図1は、実施例の方法で作成された結晶のX線回折パターンの一例である。
図1に示すように、結晶は、塩素アパタイト結晶Ca
5(PO
4)
3Clの単一層であった。
【0032】
[成分]
次に、塩素アパタイトチューブ単結晶の元素分析を行った。その結果、この結晶は、Ca=39.10mass%、P=18.00mass%、Cl=5.30mass%であった。
【0033】
[形状]
次に、塩素アパタイトチューブ単結晶の形状を走査型電子顕微鏡(SEM)にて観察した。
図2は、SEMで観察した塩素アパタイトチューブ単結晶の一例を示す写真である。
図2に示すように、本実施の形態に係るアパタイト単結晶は、チューブ状であり、外形が六角柱である。また、六角柱の上面または下面に形成されている穴の開口部の形状が六角形である。そのため、チューブの外壁の厚みがほぼ一様になっている。
【0034】
このようなチューブ状単結晶は、SEM観察により、様々な大きさや形態が存在していることがわかった。例えば、チューブ状単結晶の開口部の穴の内径は、10nm〜60μm程度である。また、チューブ状単結晶の直径は、20nm〜100μm程度である。また、チューブ状単結晶は、長手方向の長さが50nm〜4mm程度である。また、チューブ状単結晶は、可視光に対して透過率が65%以上である。
【0035】
[用途]
次に、アパタイトのチューブ状単結晶の用途について説明する。
【0036】
(内部空間の利用)
チューブ状のアパタイト単結晶は、内部に他の物質を収容できるため、新たな用途への適用が可能となる。例えば、
(1)Mg−Ni合金をアパタイト単結晶の内部に充填することにより、水素吸蔵材料として燃料電池に利用することが可能となる。
(2)ガス分子吸着材をアパタイト単結晶の内部に閉じ込めることにより、ナノ細孔材料として利用することが可能となる。
(3)アミノ酸をアパタイト単結晶の内部に充填することにより、細胞からDNAを分離精製するバイオカラムとして利用することが可能となる。

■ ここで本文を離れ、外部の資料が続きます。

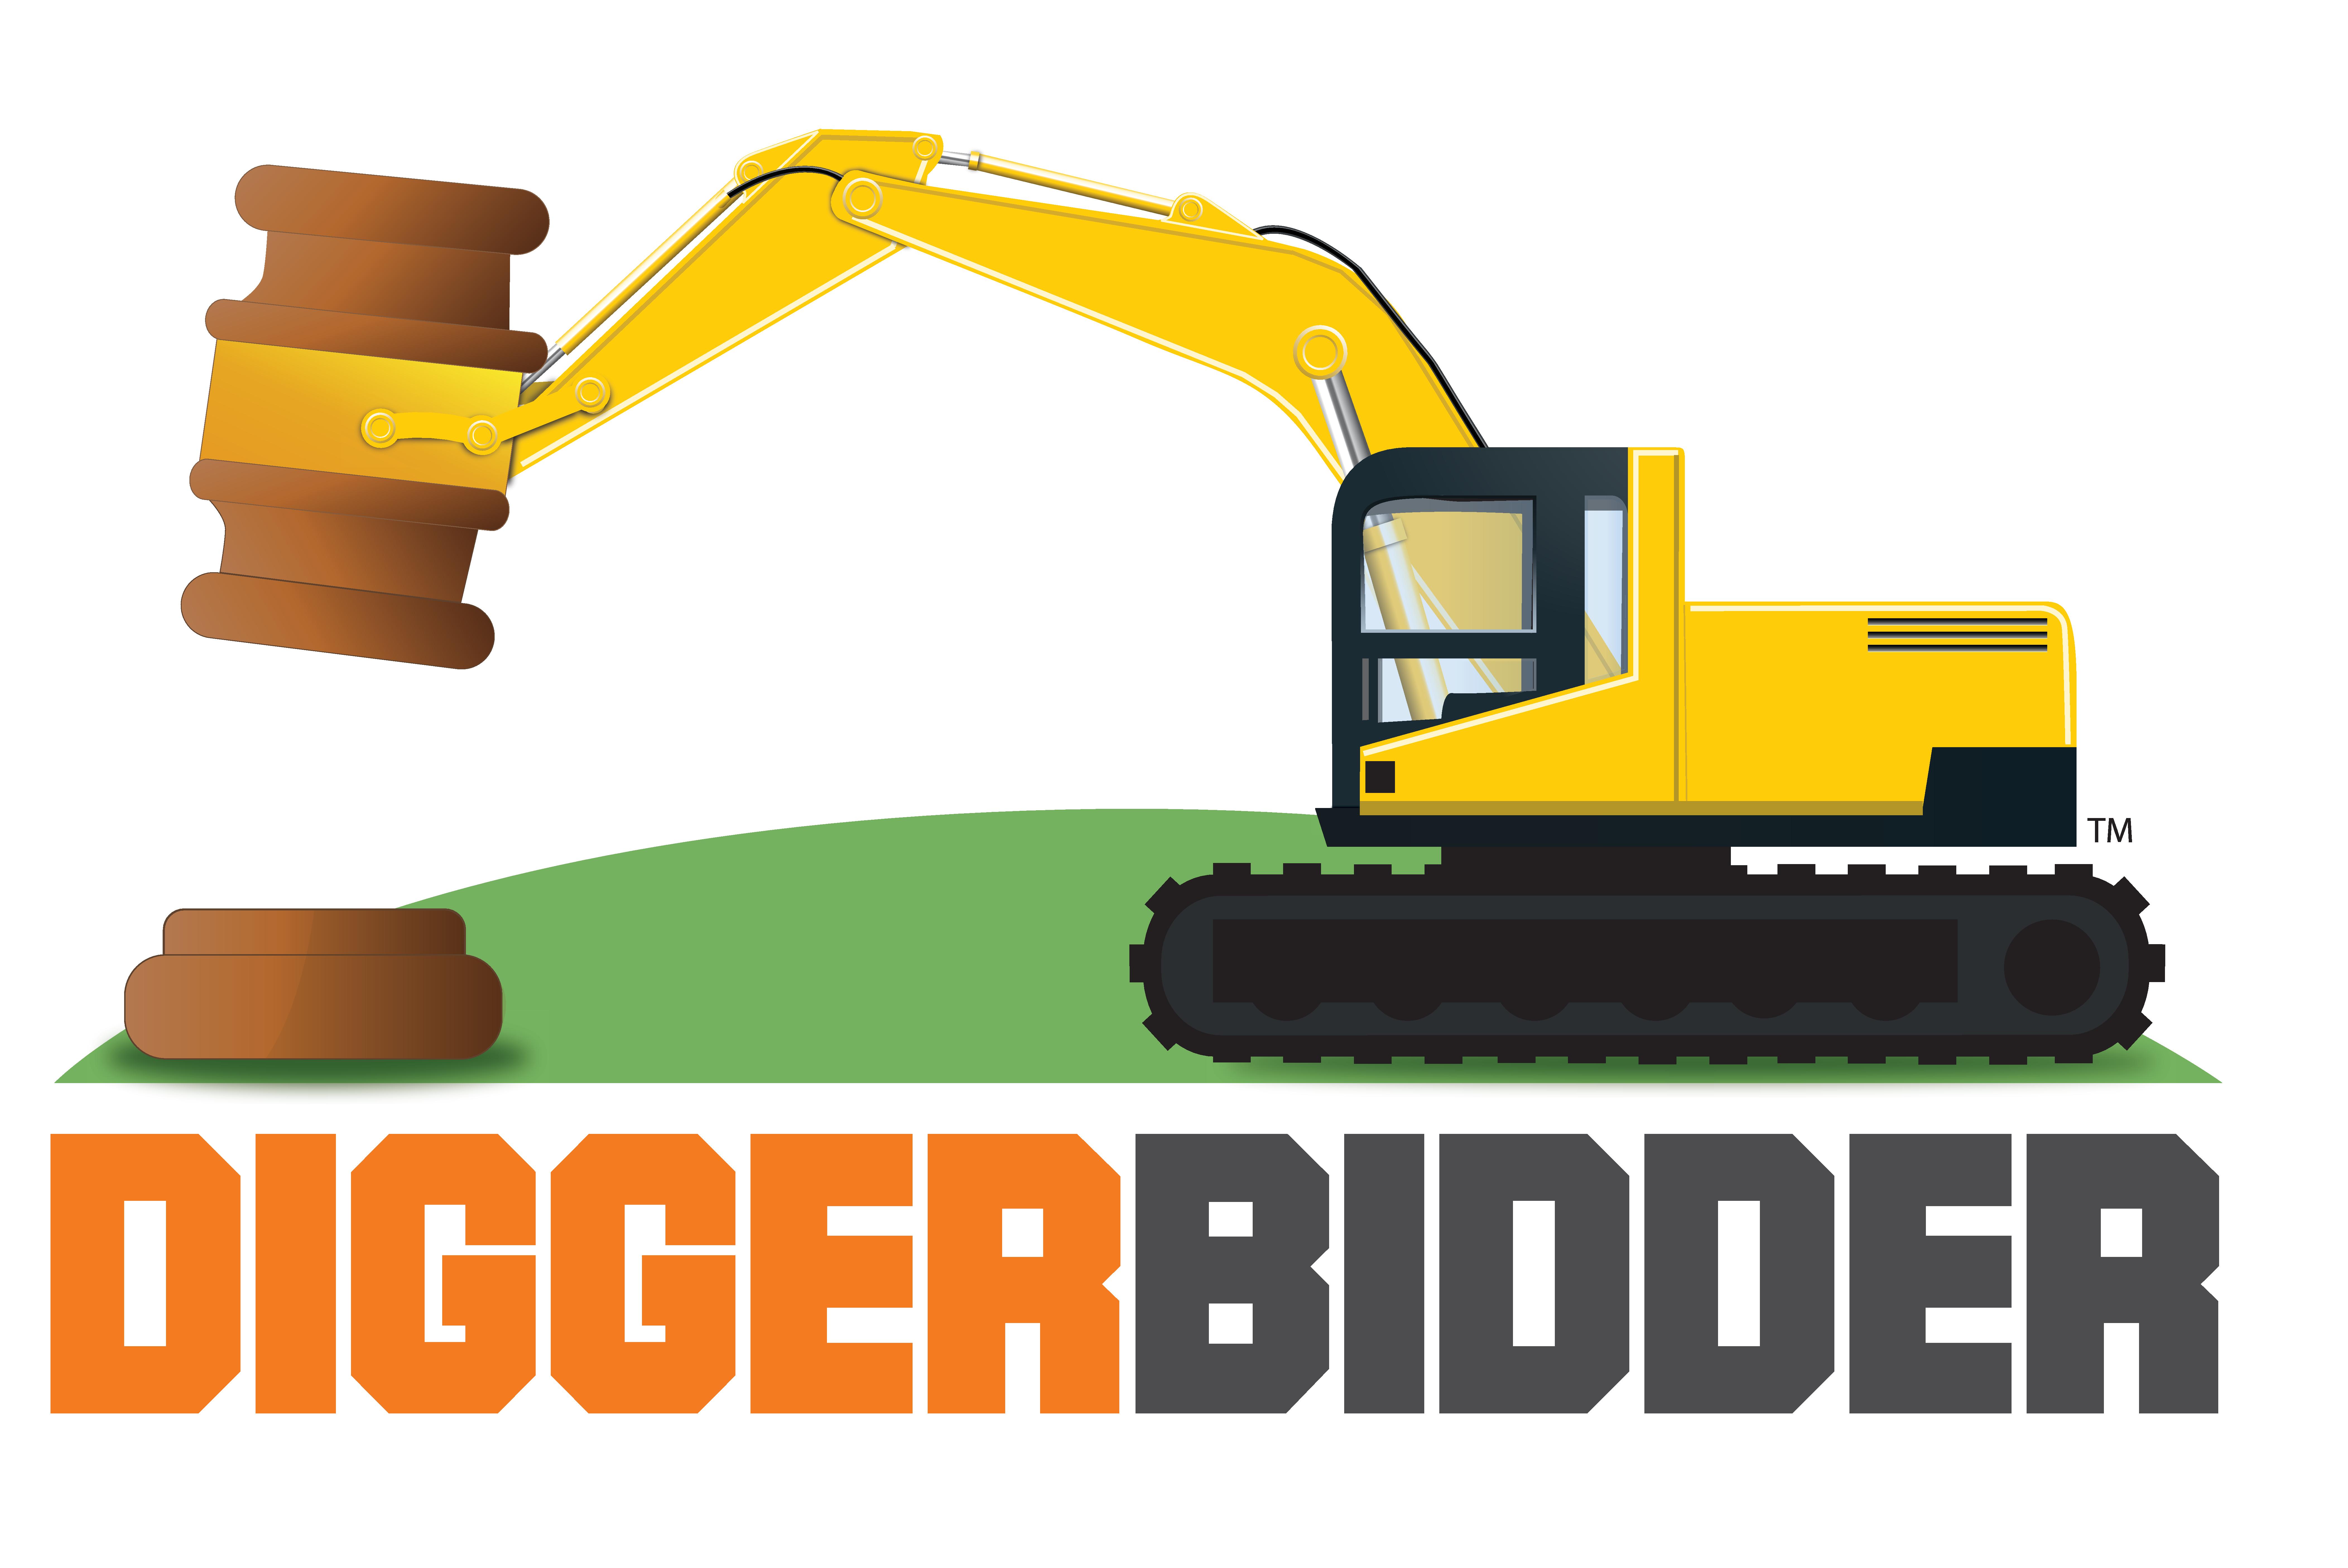 Backhoe clipart plant machinery. Digger bidder the new

(4)触媒や酵素をアパタイト単結晶の内部に充填することにより、ガス、溶剤の分解カラム、バイオリアクタの反応場として利用することが可能となる。
(5)カーボンナノチューブや有機材料をアパタイト単結晶の内部に挿入し、挿入物の配列を揃えるカラムとして利用することが可能となる。
【0037】
(形状による機能)
チューブ状のアパタイト単結晶は、その形状や大きさによって、以下の用途への適用が可能となる。
(6)チューブ状のアパタイト単結晶の内部に薬を充填することにより、ドラッグデリバリーシステムとしての利用が可能となる。
(7)チューブ状のアパタイト単結晶が高アスペクト比であるため、複合材での強化材(補強材)としての利用が可能となる。
(8)チューブ状のアパタイト単結晶の形状を利用した雰囲気培養場としての利用が可能となる。
(9)テラヘルツ発光デバイスとしての利用が可能となる。
(10)チューブ内部での体積膨張・収縮を利用した用途への適用が可能となる。
【0038】
(材質による機能)
蛍光体、電子放出材料、光触媒アパタイト、人工骨の補強材などへの利用が可能となる。また、透明である光学特性を利用した応用も可能である。
【0039】
以上、本発明を実施の形態や各実施例をもとに説明した。この実施の形態や各実施例は例示であり、それらの各構成要素や各処理プロセスの組合せにいろいろな変形例が可能なこと、またそうした変形例も本発明の範囲にあることは当業者に理解されるところである。
【産業上の利用可能性】
【0040】
本発明のアパタイト単結晶は、蛍光体を始め様々な機能性材料として利用することが可能である。